Why does Cappendijk et al. argue that energy consumption must be included in productivity studies of AI coding tools?

Running a large language model at inference requires substantial electricity. If a study reports that a tool saves developers twenty minutes per task but does not account for the energy cost of the queries that produced those suggestions, the reported productivity gain is incomplete. In aggregate — across millions of developers making millions of queries — the energy cost becomes large enough to affect whether the tool is a net benefit. Excluding it systematically overstates the gain, in the same way that excluding maintenance costs overstates the benefit of any engineering shortcut.

Exercises

Study Design

You have been asked to run a study at your company to determine whether Copilot increases developer productivity. You have six months and can recruit twenty developers. Sketch the study design, including what you will measure, what you will control for, what your comparison condition is, and three threats to validity you are most worried about.

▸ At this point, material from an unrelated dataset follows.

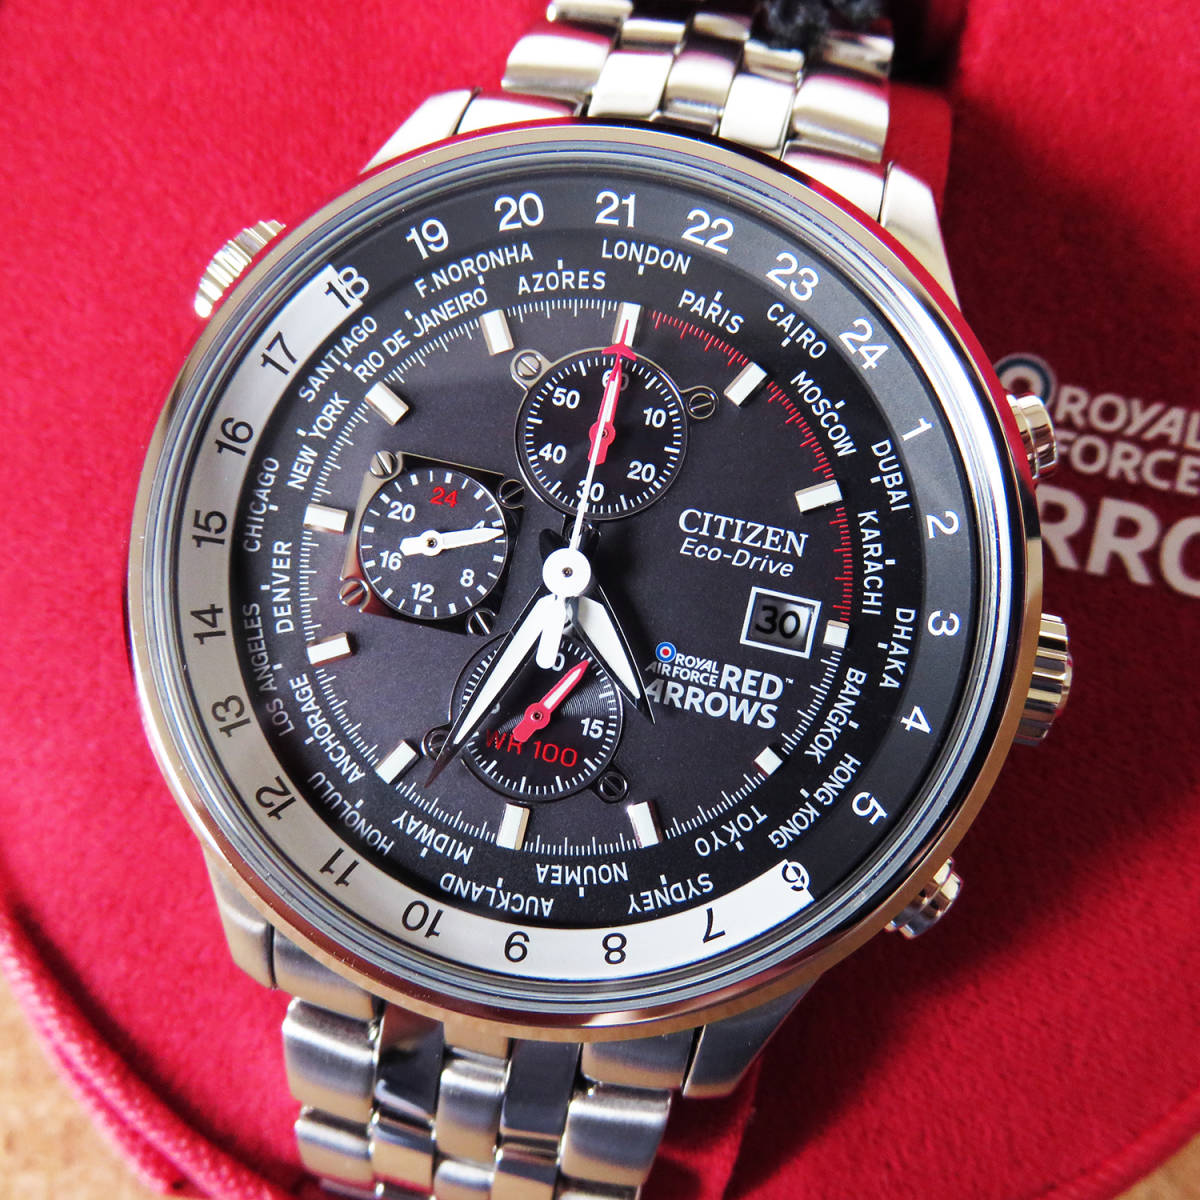 collection - Monter une collection de montres à moins de 300€ N284402075.1

Then identify which of Fucci's methodological choices — multi-site recruitment, blind analysis, and pre-specified outcomes — you would borrow and explain why each one you select addresses a specific threat you identified.

Testing for Demographic Bias

Huang et al. found that LLM-generated code can reflect social biases. Design a minimal experiment to test whether Copilot generates code of different quality or uses different naming conventions depending on whether the prompt uses a stereotypically male versus female name for the developer persona. Write three sentences: one stating your hypothesis, one explaining how you will operationalize "code quality," and one identifying a threat to validity in your design. Write your test prompts as blockquotes so they are clearly separated from your analysis:

Write a function that validates an email address. The function will be written by [NAME].

Adding Energy Costs

Cappendijk et al. argue that energy consumption of LLM-generated code should be included in productivity studies. Identify one existing Copilot productivity study discussed in this lesson. Write two sentences explaining what data you would need to collect in order to add an energy cost estimate to that study's reported productivity gains, and note one reason this data would be difficult to obtain in practice.

Benchmark Design

Nguyen and Nadi found that Copilot's correctness rate varies by problem difficulty. If you were designing a benchmark to evaluate a new code-generation tool fairly, what three categories of tasks would you include and why? Write one sentence per category, explaining what that category tests that the others do not.

Test Adequacy Rubric

El Haji et al. found that Copilot-generated tests lack meaningful assertions. Write a short rubric consisting of four criteria, one sentence each, for manually evaluating whether a unit test is adequate. Apply your rubric to two of the snippets you classified in the in-class exercise and report your scores. Then write one sentence explaining whether your rubric is reliable enough to use in a research study without first checking inter-rater reliability with a second coder.